A high-strength Mg-8Zn-1Mn-3Sn-1.2Gd alloy with fine MgSnGd particles by Dy modification

Abstract

In the current work, we successfully prepared Mg-8Zn-1Mn-3Sn-1.2Gd-0.2Dy alloy with an excellent combination of ultimate tensile strength and ductility. The mechanism of the Dy-modified MgSnGd phase and its effect on the microstructure and mechanical properties of as-cast and as-extruded alloy were systematically investigated. Experimental results reveal that a new phase MgSn (Gd, Dy) is formed with Dy addition to Mg-8Zn-1Mn-3Sn-1.2Gd alloy, MgSn (Gd, Dy) phase can act as an effective heterogeneous nucleation site of MgSnGd phase. Meanwhile, the addition of Dy consumes Sn and Gd atoms, reducing the enrichment of solute atoms and inhibiting the MgSnGd phase's growth.
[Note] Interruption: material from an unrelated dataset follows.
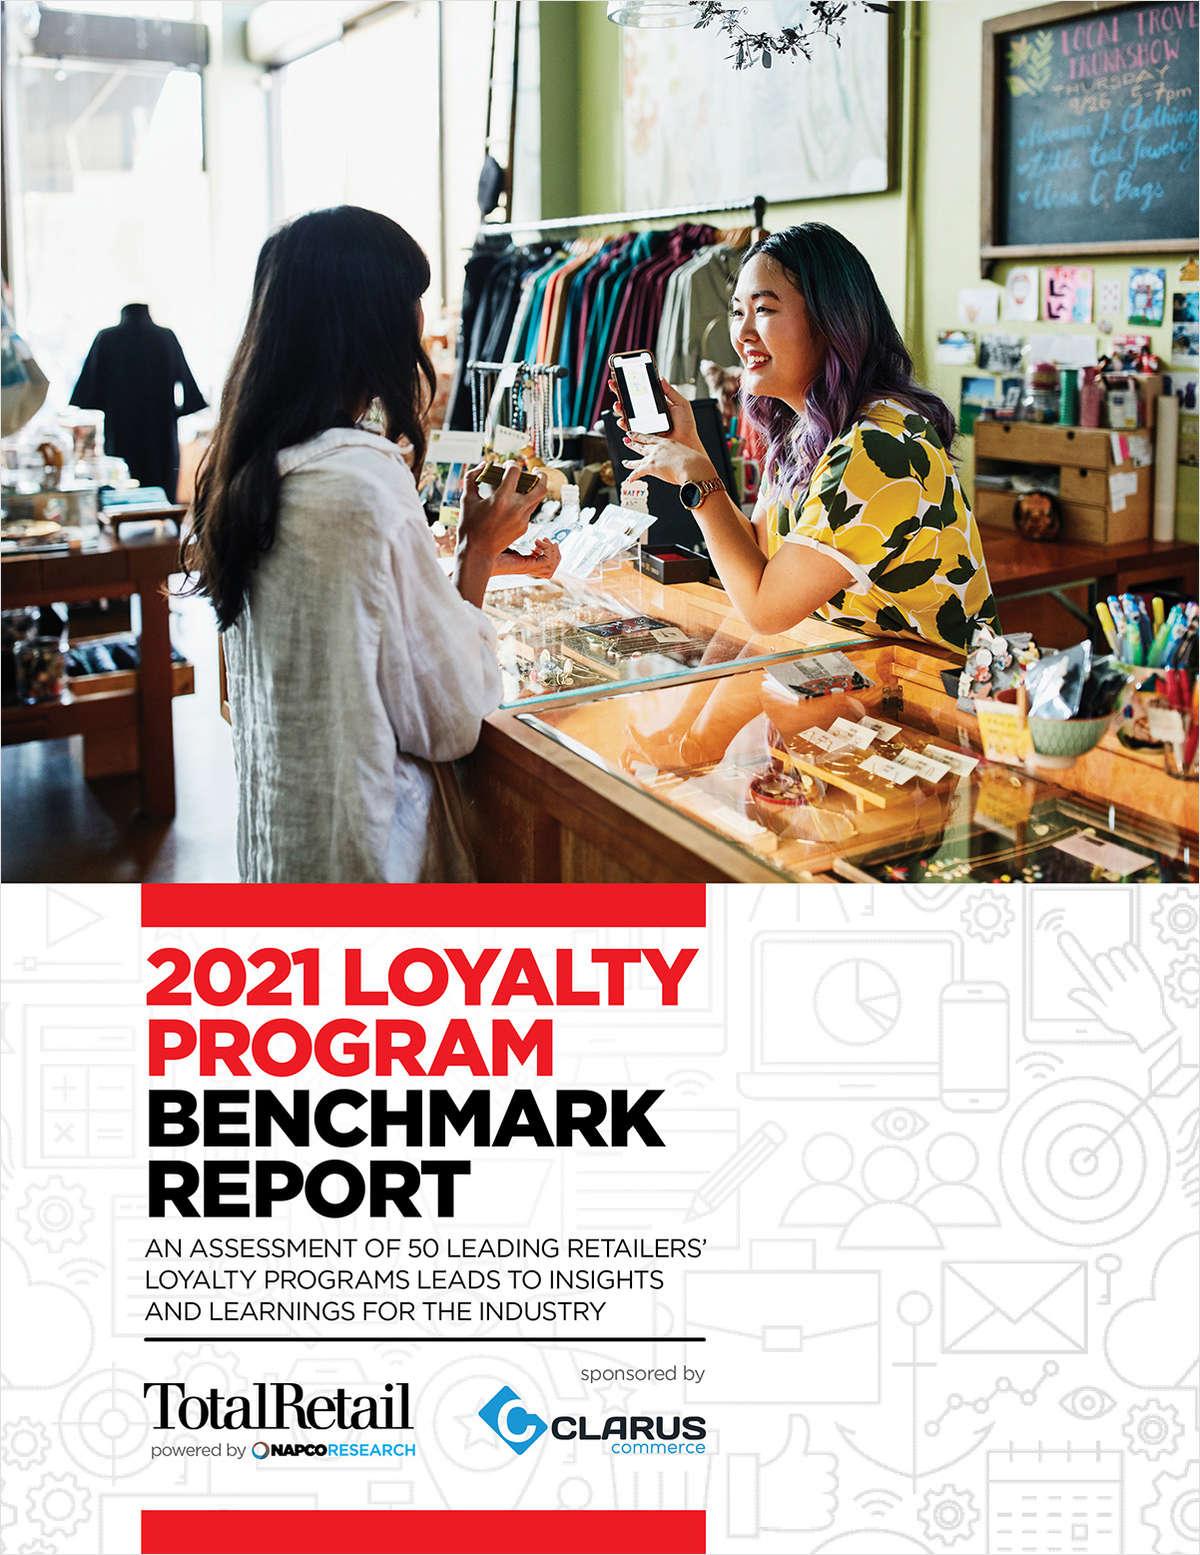 2021 Loyalty Program Benchmark Report

The Dy addition can effectively promote the dynamic recrystallization process due to the combined effects of the refined grain structure of as-cast alloy and the particle-stimulated nucleation effect caused by dispersed MgSnGd phase. The alloy exhibits an excellent combination of high strength and ductility with the ultimate tensile strength of 384 MPa and an elongation of 14.5%. The fine-grained structure, the uniformly distributed MgSnGd particle, and MgSn (Gd, Dy) nanoparticles are mainly responsible for the ultra-high ultimate tensile strength. The high ductility is due to the fine-grained structure, appropriate decrease of dislocation density, and dynamic recrystallization.